I’d like to bring together two of my previous blog articles. I’ve written previously on mobile apps and their applications to older adults with dementia here, and I’ve written about a nifty, potential way of addressing wait times for patients receiving help in long term care, here.
The problem with getting older adults to use mobile app technology remains that of cohort effects. Essentially, even though contemporary polling data (such as the Pew Center’s regular polling on this subject) suggests that while the fastest-growing adopters of Information Technology, or IT, is older adults and baby boomers – older adults, particularly those in their 70s and up, are still behind everyone else in terms of their use, familiarity, and comfort with IT. In other words, growth in IT use in older adults is growing faster than any other age group, but it’s growing from a much smaller base.
So, any attempt to introduce technology in the long-term-care environment, such as cognitive orthotics, will be running up against potential issues with possible hostility to technology, or technophobia (fear of technology), lack of familiarity, et cetera.
Before I go further, I wanted to introduce a couple of user interface / user design concepts that I’ve run into over the past year or so. The first one is the concept of skeuomorphs, which is defined as: “a derivative object that retains ornamental design cues from structures that were necessary in the original.” Many of you reading this blog use Macintoshes (I do). Apple is notorious for use of skeuomorphic design, such as in the design of it’s Address Book app found on the iOS operating system (e.g., iPhones, etc):
The idea behind skeumorphs, I think, is to (at least in part) capitalize on another, related design concept I’d like to mention, the principle of least astonishment (POLA, for those of you that like acronyms). From Wikipedia: “If a necessary feature has a high astonishment factor, it may be necessary to redesign the feature.”
So why am I bringing up skeumorphs and POLA? Let’s get back to this:
Say hello again to the oh-so-analog, getting-rather-long-in-the-tooth, but almost universally recognizable hospital call bell. As I mentioned in my post last week, the call bell hasn’t really changed that much in terms of functionality since patients in hospitals literally had bells in their rooms for the purposes of calling in nursing staff – while over the years there have been some minor feature upgrades to call bells (e.g., addition of analog technology, a flashing light above patients rooms, addition of a 2-way intercom system, etc.); generally, overwhelmingly, hospital call bell technology hasn’t changed much over the last 50 years.
Here’s the rub though – call bells are very, very familiar, very unsurprising and un-astonishing, it’s a highly expected feature of the hospital and nursing home environment.

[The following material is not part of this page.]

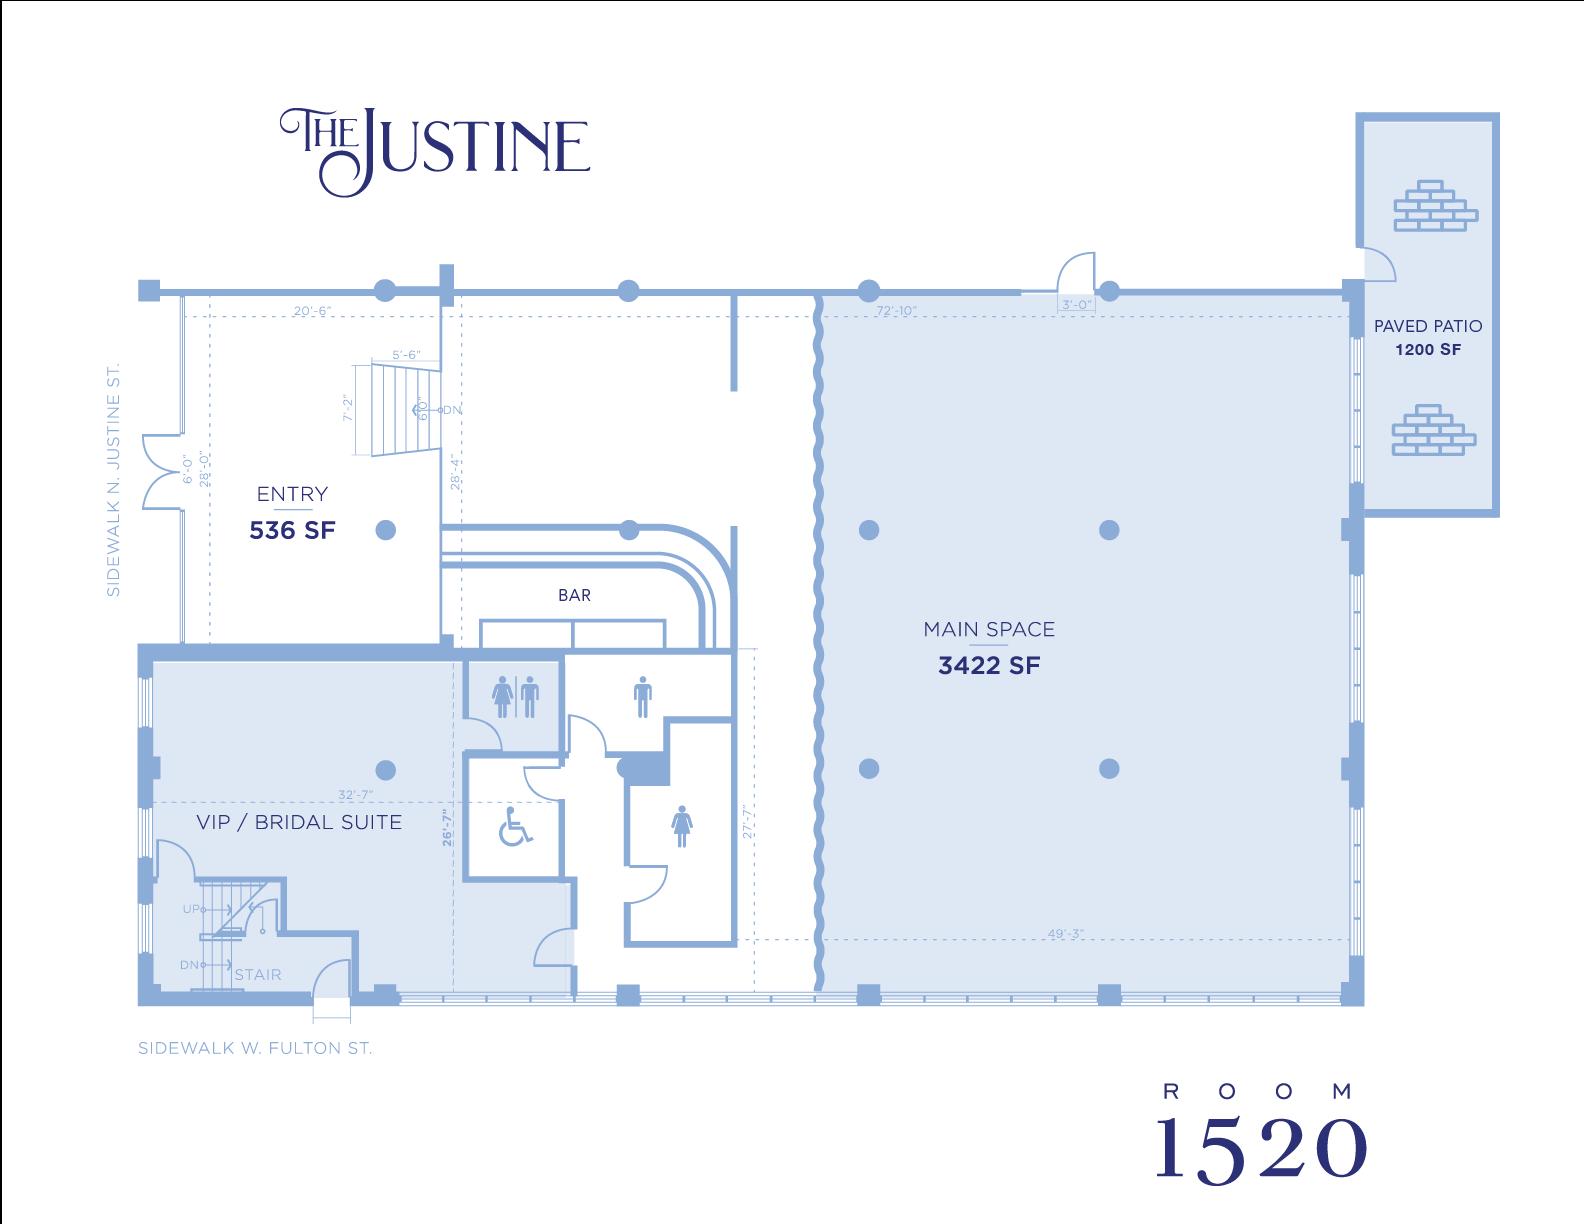 The Justine Floor Plan

I’m quite certain that very large proportions of us – from the very young to the very old, knows what a hospital call bell is, and what it looks like, and what it does. Conversely, only a small (albeit rapidly growing) proportion of my nursing home residents are familiar or comfortable with smartphones and tablet computers.
So, it hit on me the other day – the call bell is probably an almost ideal skeumorphic vehicle for the introduction of mobile app technology within the long term care and hospital environment! Capitalizing on POLA by making deliberate use of skeumorphic design concepts to shift call bell design to a digital, mobile-app based platform will allow for much more easy introduction of the potential array of useful features available in the mobile app development platform (such as cognitive orthotics, medication reminders, more flexible forms of communication between staff and patients, etc). In other words, while many older adults today may recoil if you try to get them to start using iPhones or Droid tablets (how many times have you heard an older adult friend or family member of yours exclaim, “I’ll never use one of those things!” when presented with a smartphone or tablet computer?), it’s a far easier sell to get older adults in long term care to use an upgraded, digital version of a call bell – since they’re all already using call buttons, and many have been using them for many years already.
What would a mobile app-based call bell look like? That’s a question for the design geeks to answer.